_What you should do_
The full listing is to be transcribed exactly, with each picture left out.

_The data_
• • • • • • •

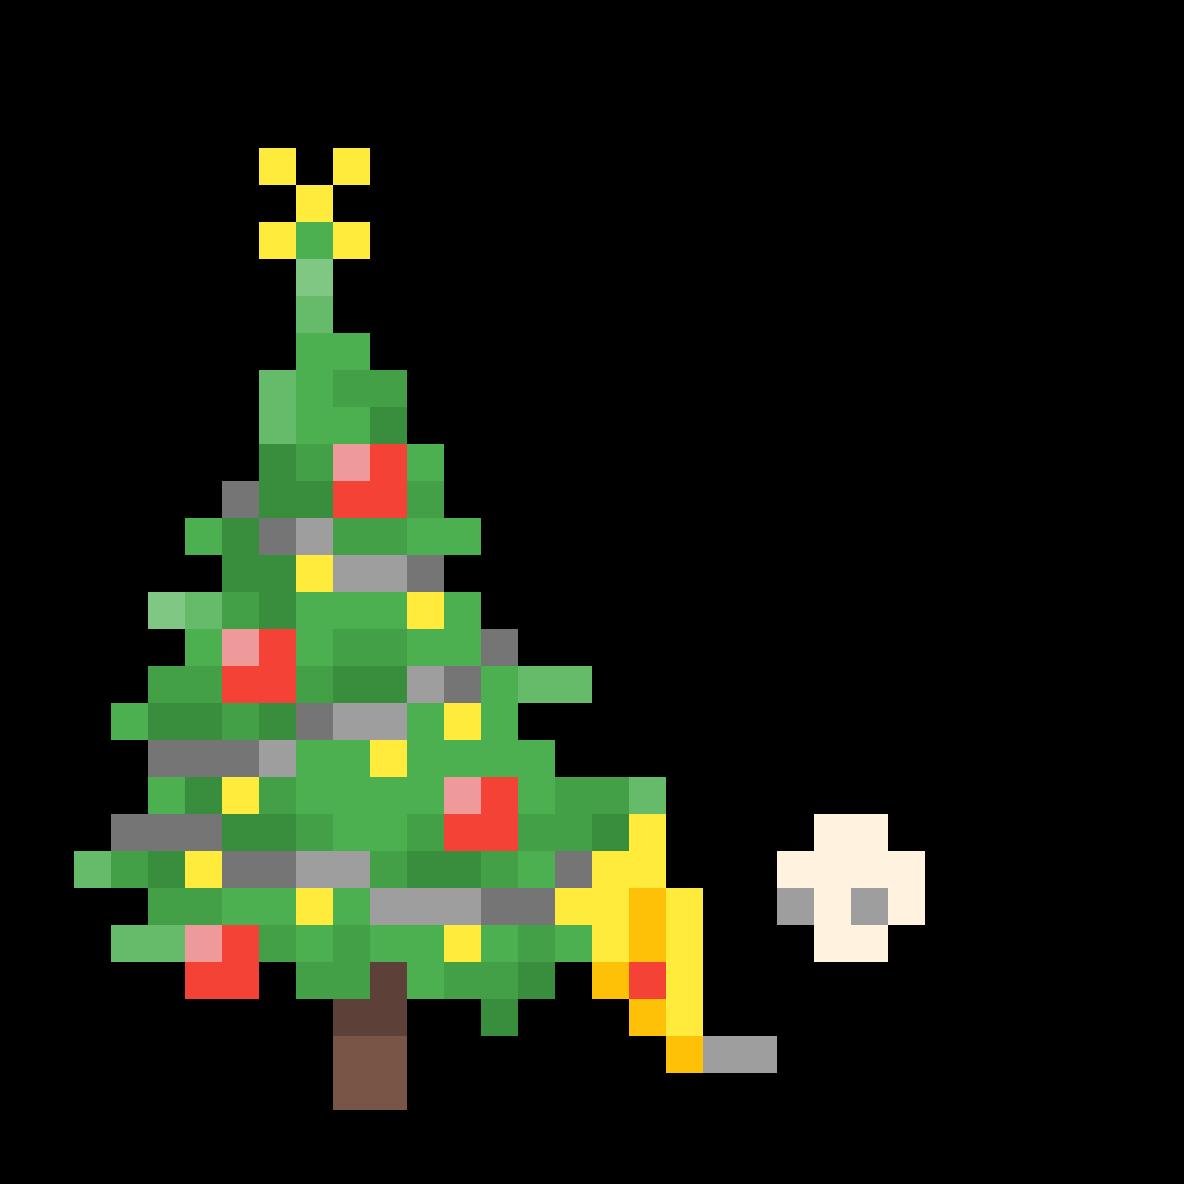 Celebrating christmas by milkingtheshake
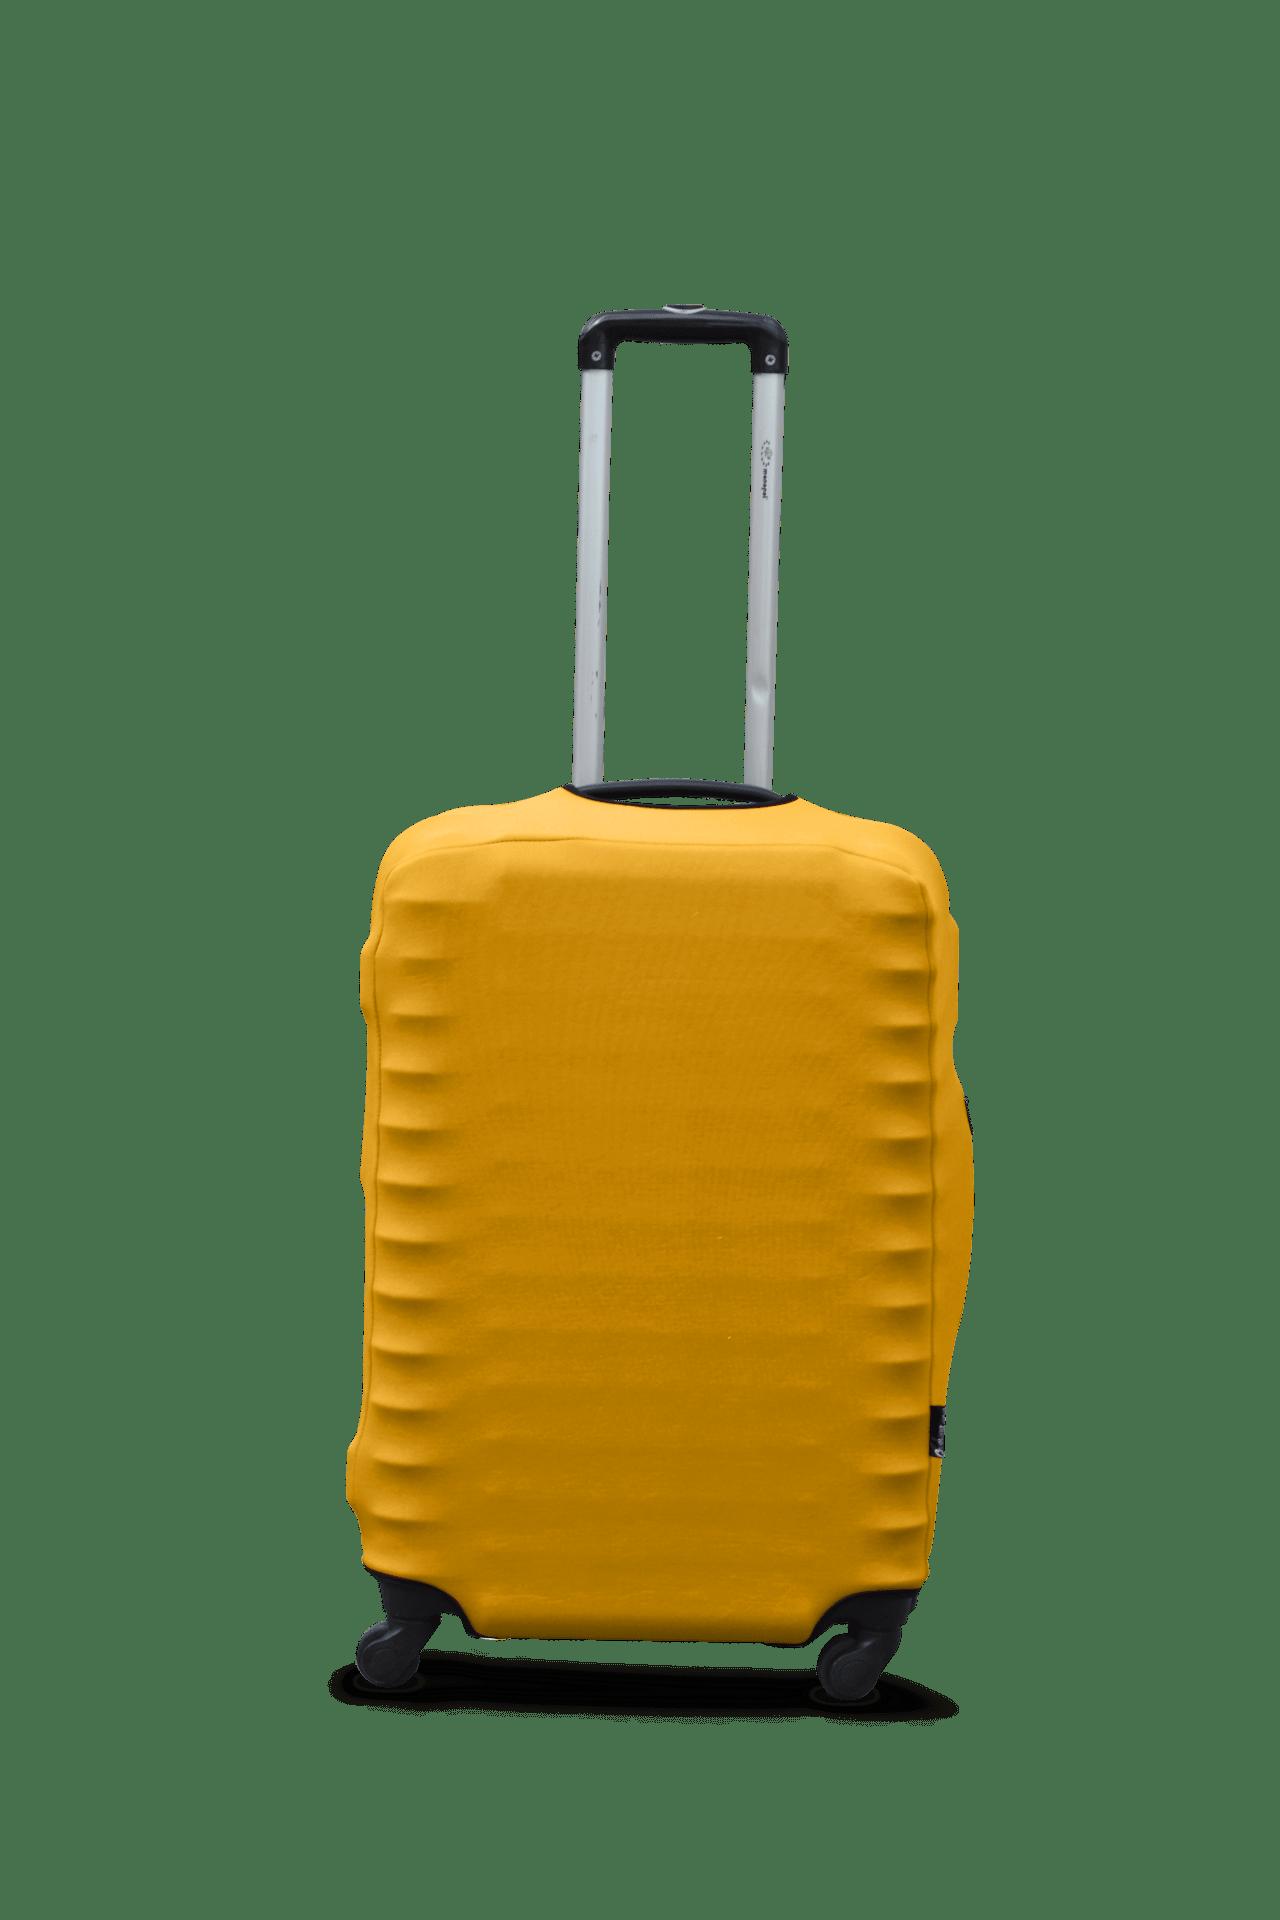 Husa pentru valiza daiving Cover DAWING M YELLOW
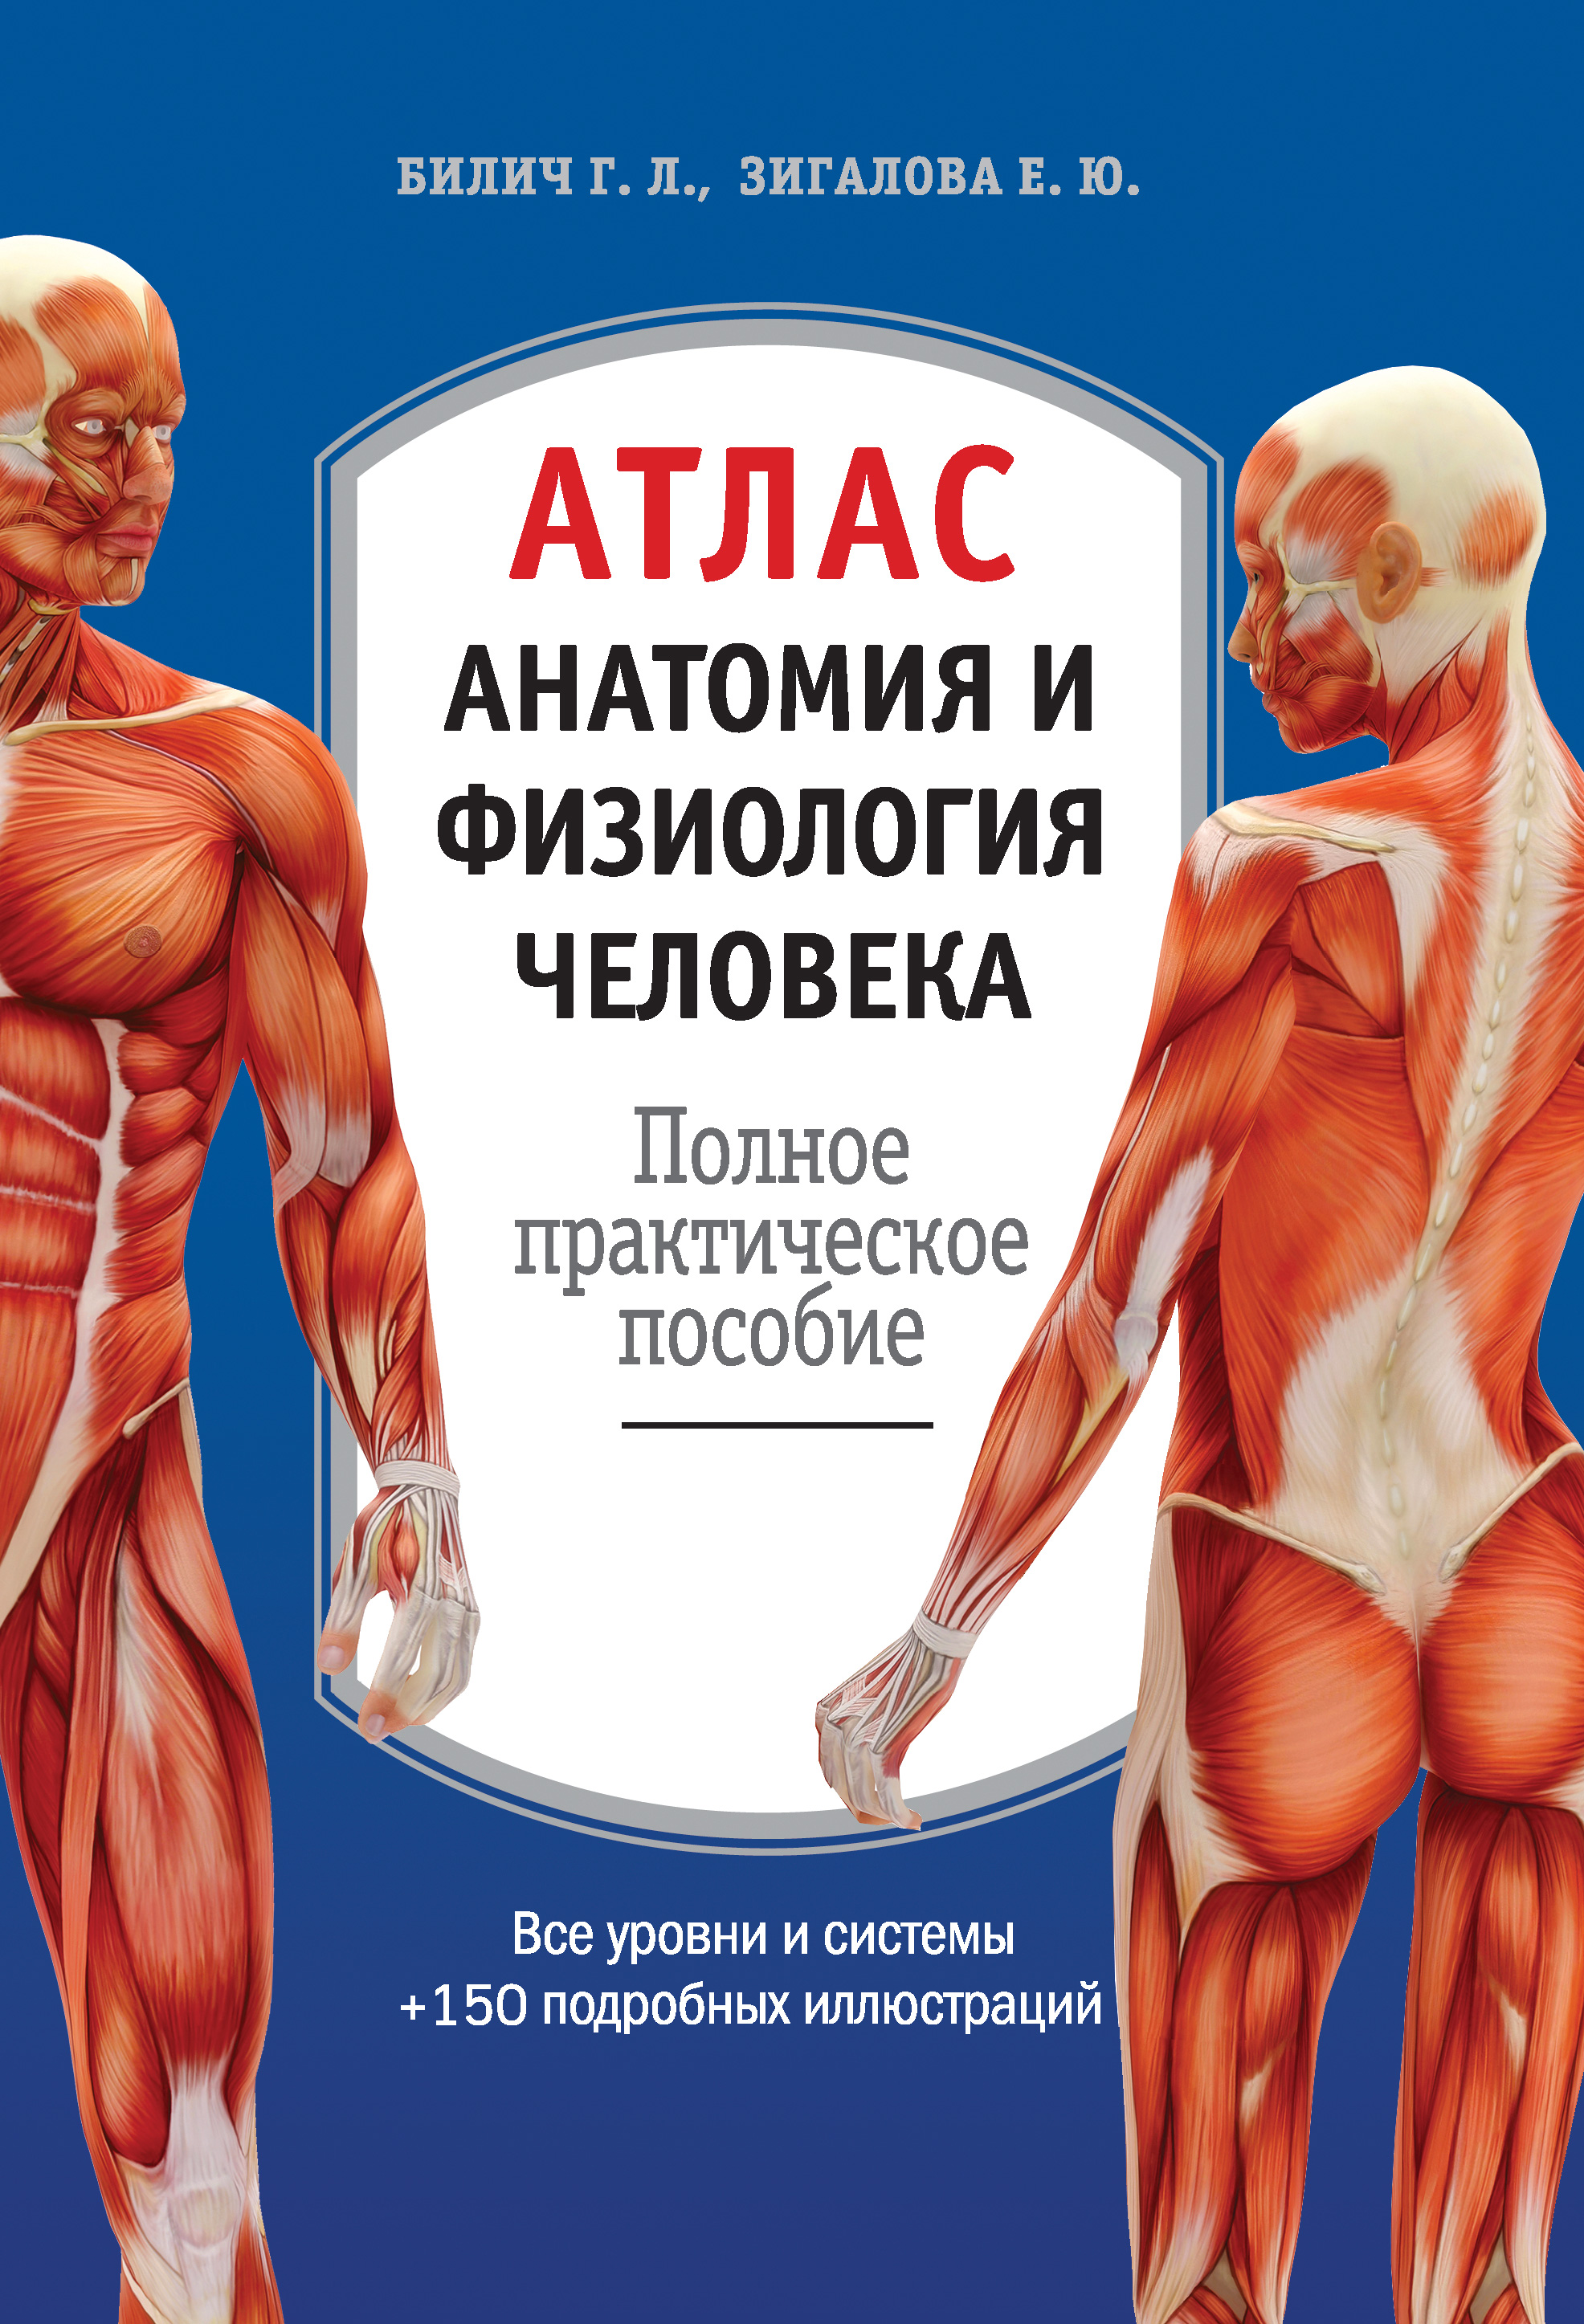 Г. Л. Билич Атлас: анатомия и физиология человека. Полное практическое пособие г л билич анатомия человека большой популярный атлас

• • • • • • •

_Your solution_
 Celebrating christmas by milkingtheshake
 Husa pentru valiza daiving Cover DAWING M YELLOW
 Г. Л. Билич Атлас: анатомия и физиология человека. Полное практическое пособие г л билич анатомия человека большой популярный атлас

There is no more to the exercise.